I have been at the ONC Interoperability Forum in DC for a few days and I had an opportunity to discuss NIEM for Health with a very well respected former government official whose perspectve I respect very much. He has a long history with standards development, especially in healthcare and with a government perspectivie. The following is his perspective and I tend to agree (I paraphrase here interspersed with some direct statements).
NIEM was established as a government program to create a more consistent way for state, local, federal and tribal governments to exchange information. It has always been funded by federal agencies, and has a governance structure that reflects that. It has been useful in getting law enforcement, government programs, social security, and other programs to exchange information in a consistent way. That is their swimlane. They make standards by government, for government.
OMB Circular A-119 (see https://www.whitehouse.gov/wp-content/uploads/2017/11/Circular-119-1.pdf ) stipulates how government agencies (like ONC) should adopt standards within regulations. It says that the government agencies should adopt consensus based voluntary standards to a preference to Non-consensus, industry, or government-unique standards. NIEM is a "government unique" standard. ONC is required by law to report on all of the standards that ONC adopted through meaningful use, and to explain any deviations from adopting standards that were non-consensus based or government-unique. There are lots of important reasons why governments should not set standards (think of tariffs and other ways to block trade through government specific or company-specific standards that would benefit one group or one company), and so NIEM would need to become a full-fledged real SDO if they are serious about health care.
The NIEM process is not a bad one, but one that is unlikely to scale to encompass healthcare. They are not particularly strong in terminology binding processes, and there is very little knowledge of how the current medical terminologies work.
We should not support government-unique standards that lack shared expertise in healthcare developing yet another set of standards when we desperately need people to mature and use the standards that we already have. Why is it beneficial to organizations to use a new, government unique standard, developed without significant understanding of healthcare, that lacks good mechanisms for vocabulary binding, and that duplicates years of work in HL7, LOINC, SNOMED and other consensus based SDOs?
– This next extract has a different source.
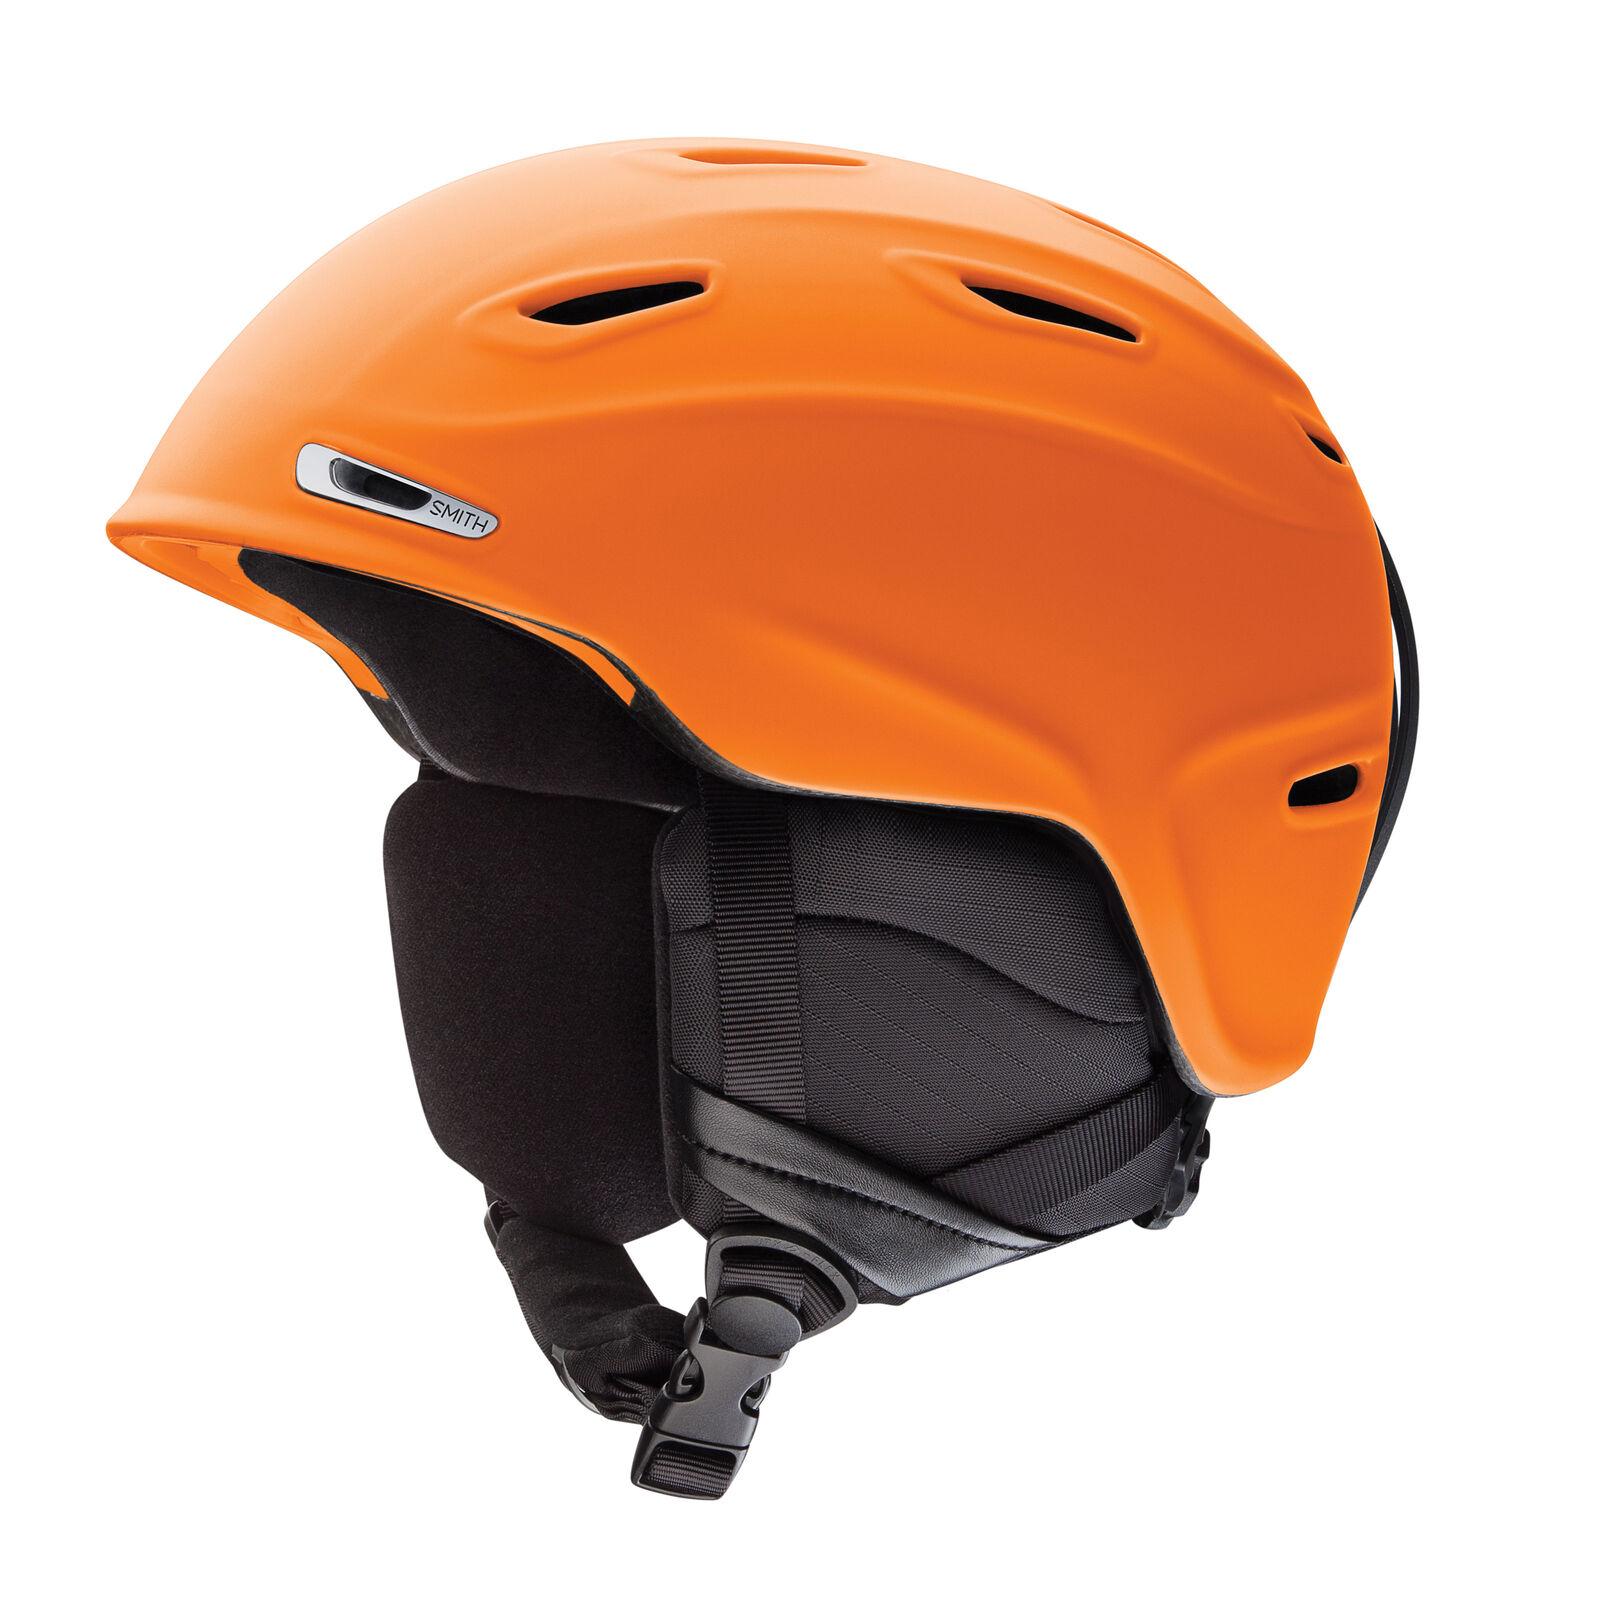 Smith Ski Helmet Snowboard Helmet Aspect orange Light Plain Colour Ventilation
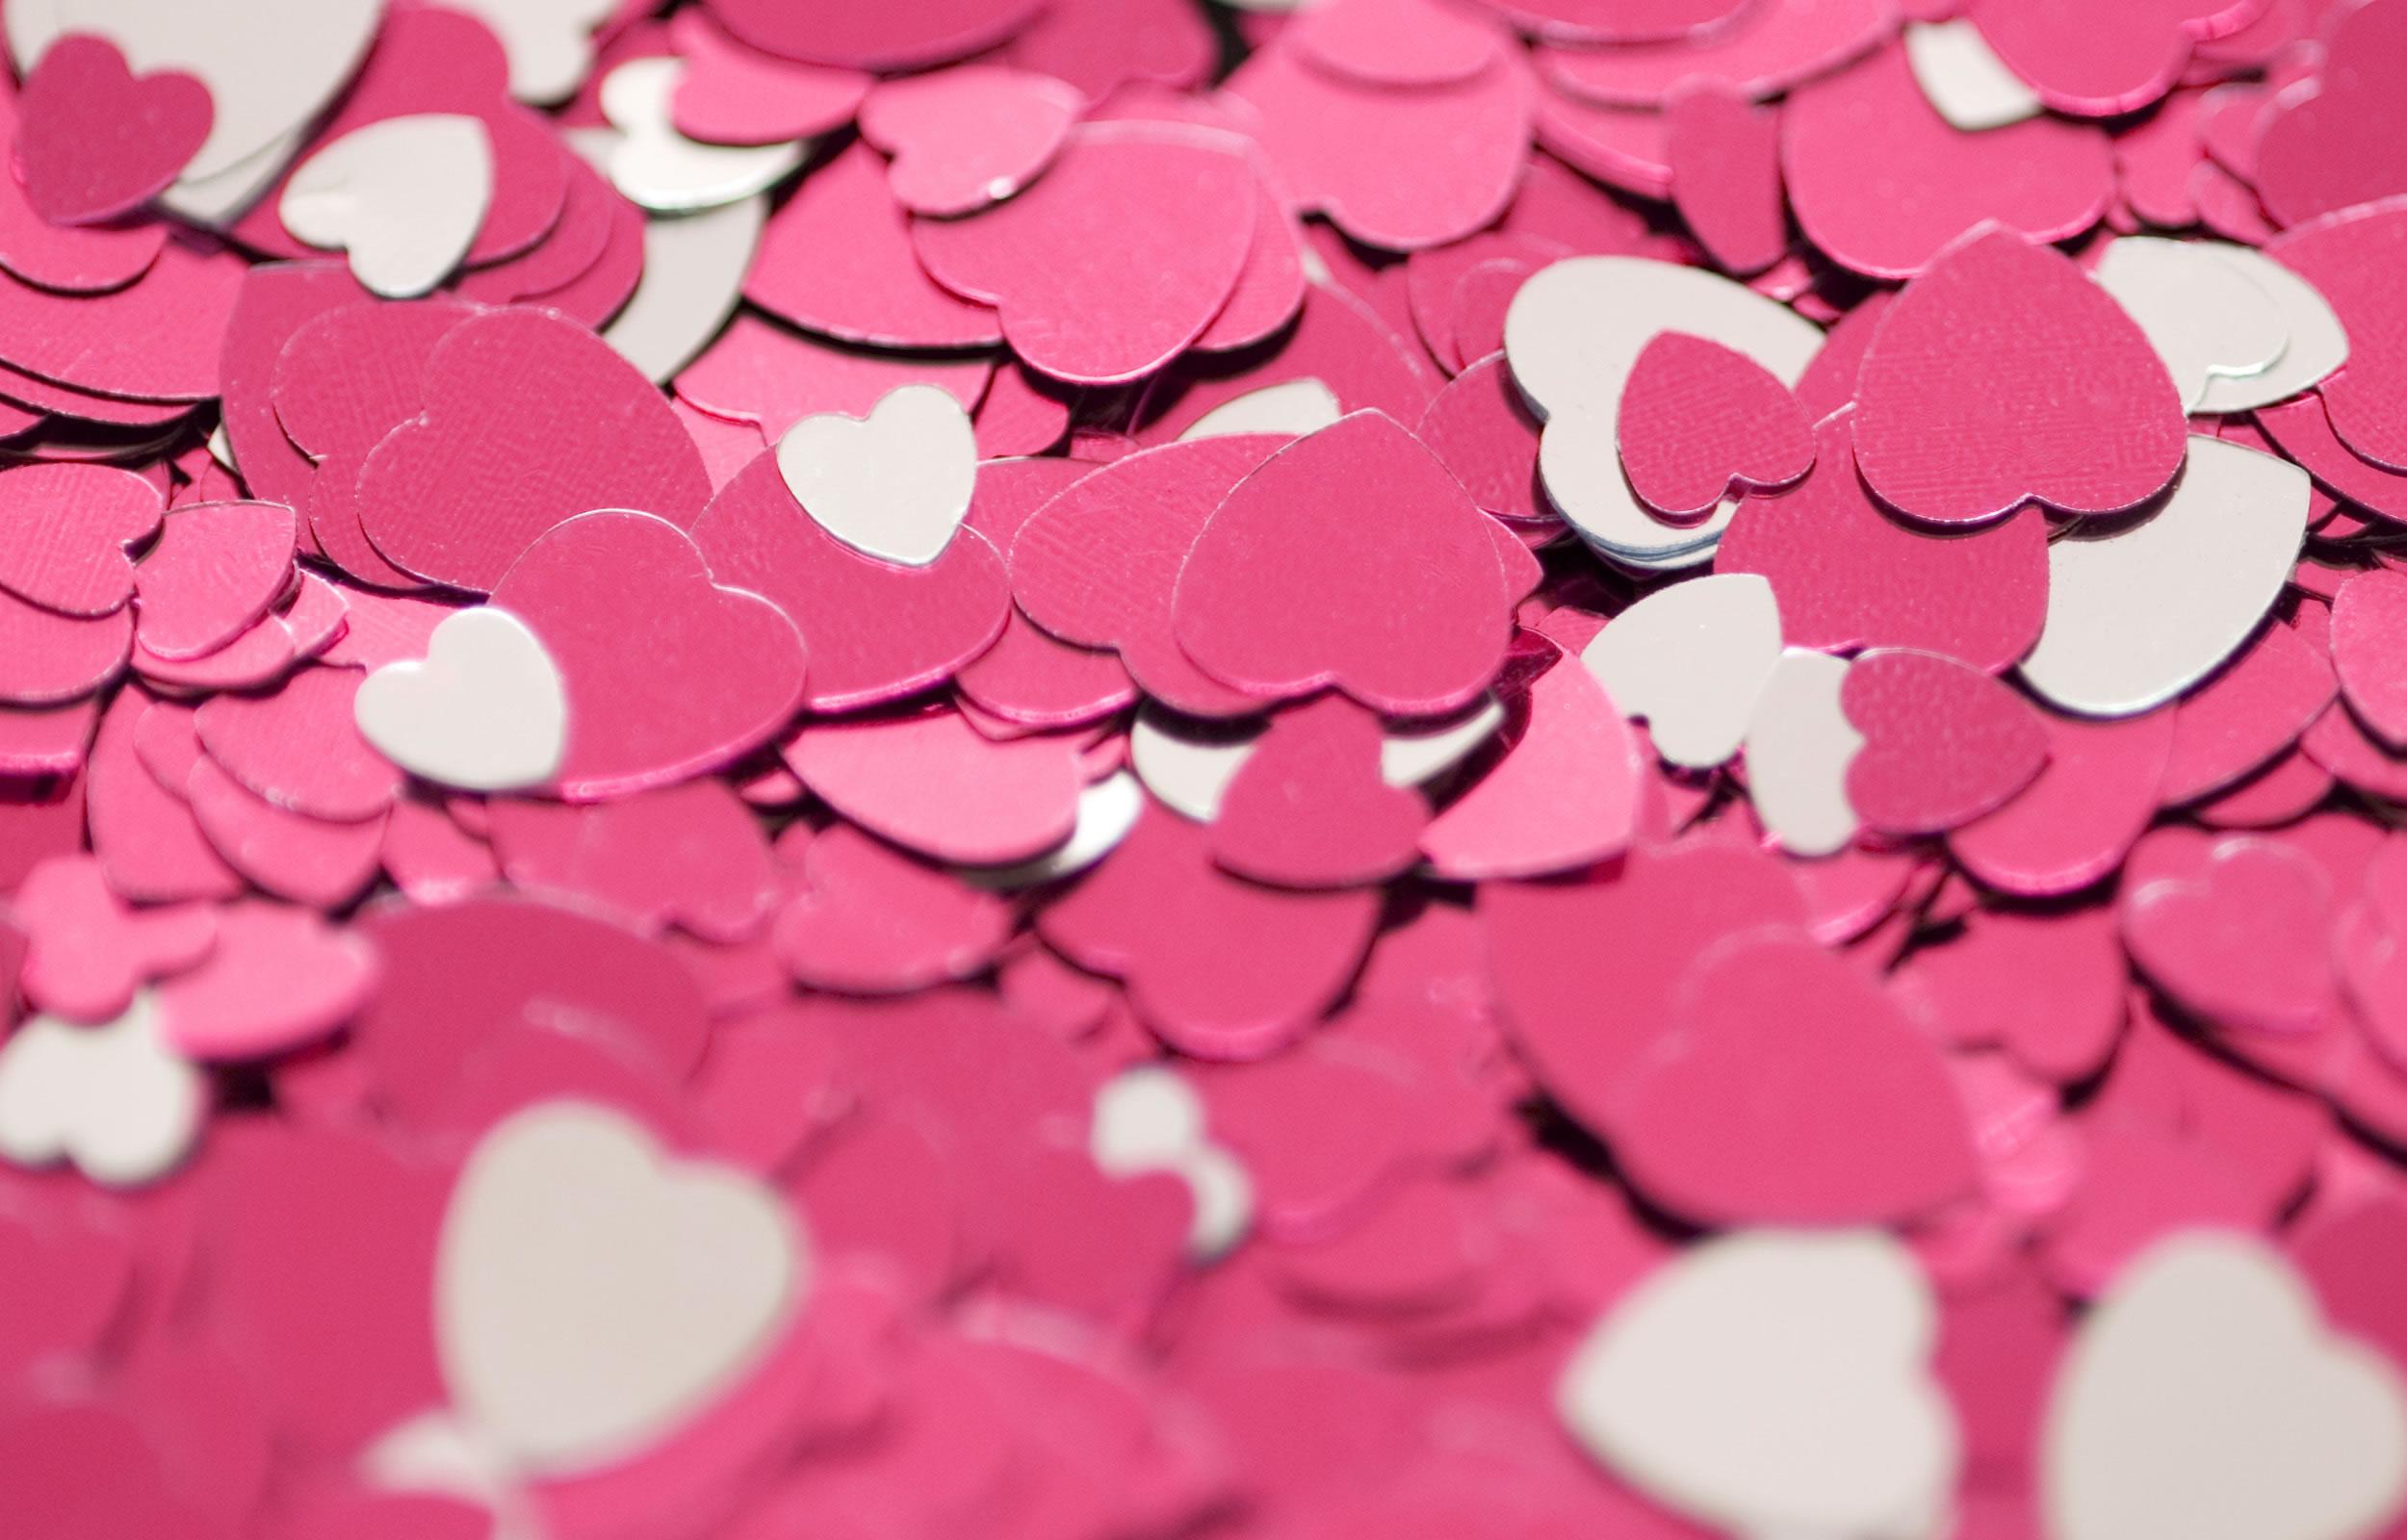 download wallpaper: Valentijnsdag wallpaper

Unless there is a compelling reason for developing yet-another set of standards in healthcare, change NIEM into a fully transparent SDO, and reinvent the wheel, why would we devote any energy here? Why not use HL7 and FHIR-based standards in prisons so that prisoners get the same level of care and information exchange as people in other parts of the healthcare sector? Why not understand how to interface between human services not only within government (TANF, etc) but also with non-profits, NGOs, and other care agencies? Why would the standards community support yet another standard that has no clear advantages, gets in the way of OMB directives, and pulls resources from other initiatives that would do more good?